= Mykola Radeĭko =

Mykola Radeĭko

Mykola Radeĭko (October 2, 1920 — February 25, 2005) was an Ukraininan politician and physician. He was one of the leaders of the Ukrainian Insurgent Army in Lemko Region and a public figure of the Ukrainian diaspora in Norway.

== Biography ==
Mykola, son of Ostap Radeiko, was born on October 2, 1920 in Yavoriv. In 1937, he became a member of the Organization of Ukrainian Nationalists, for which he was expelled from the gymnasium "Native school." He was imprisoned in Przemyśl. As an external student, he passed exams at the gymnasium and entered Lviv University, from which he was also expelled because of his political beliefs. He was arrested again and was held in the Lviv prison on Zamarstynivskaya Street. Then he were transferred to Brygidki prison. In October 1942, he entered Lviv Medical University.

In the autumn of 1943, he left the school as a recruit of the Ukrainian Insurgent Army (UPA) in the Carpathians. In 1944, he was a district guide in the Syanitsky district (under the pseudonym "Khmel"). In 1946, he was appointed a district guide of the Organization of Ukrainian Nationalists (OUN) in the Lemko region (under the pseudonyms "Zorich" and "Crimea"). He directed the actions of the Ukrainian Liberation Movement. In 1947, after the decision of the underground command of the OUN and the main command of the UPA in Zakerzonia to dissolve the Ukrainian armed formations, he issued a corresponding order in the Lemko region. After that, he secretly went to Warsaw, then to Gdańsk, and then to Norway.

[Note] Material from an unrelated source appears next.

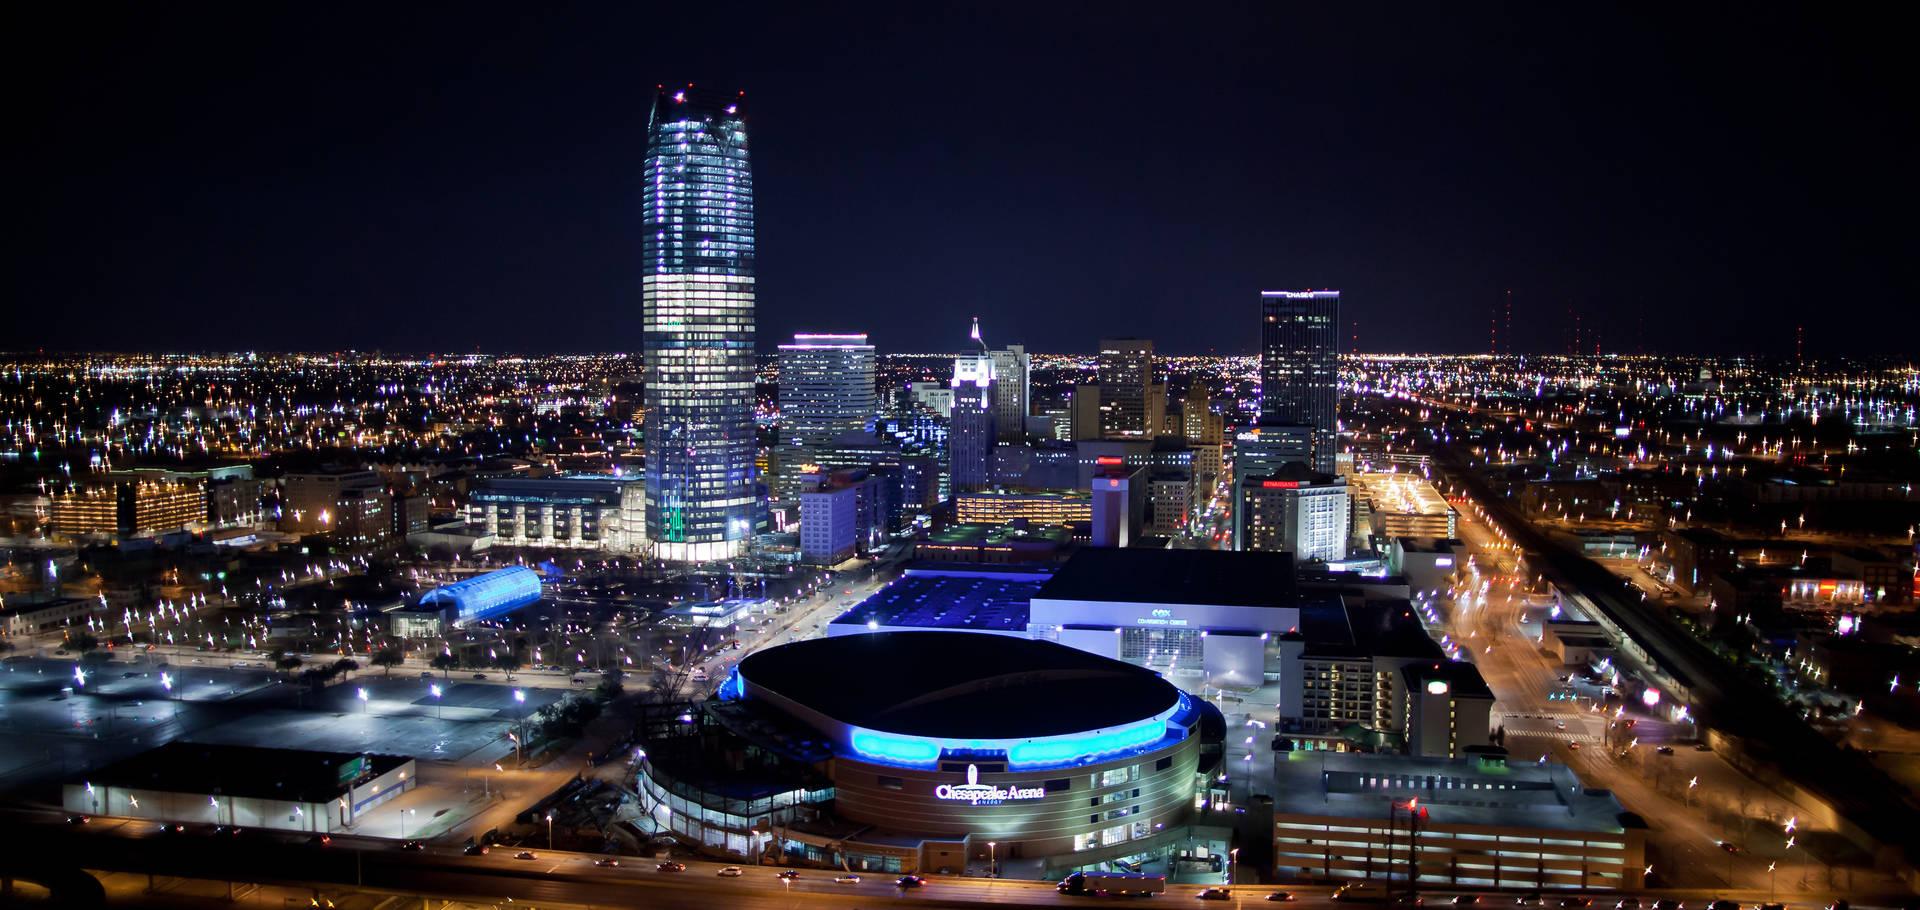 Oklahoma City, Civic Center Foundation to pay $900,000 ...

In 1953, he graduated from the University of Oslo, where he founded the Ukrainian society in Norway. He was a member of the Norwegian PEN club. He has repeatedly invited Ukrainian scientists and public figures, and actively covered Ukrainian topics in leading Norwegian publications. His contemporaries called him the ambassador of Ukraine to Norway. He actively united the community, and he collected relics and historical documents of the Ukrainian nation and state. For example, in 1978, in Hamburg, he bought a wagon of Hetman Ivan Mazepa from 1700.

The last time he was in Ukraine was in 1991. He went to Yavorov, and in Lviv he met with the chairman of the Lviv Oblast Council Viacheslav Chornovil.

He died on February 25, 2005 in Oslo and is buried in Oslo.

== Personal life ==
He was married to Norwegian Ragnhild Ramsland and had three children: Maria, Karl Roman and Bohdan.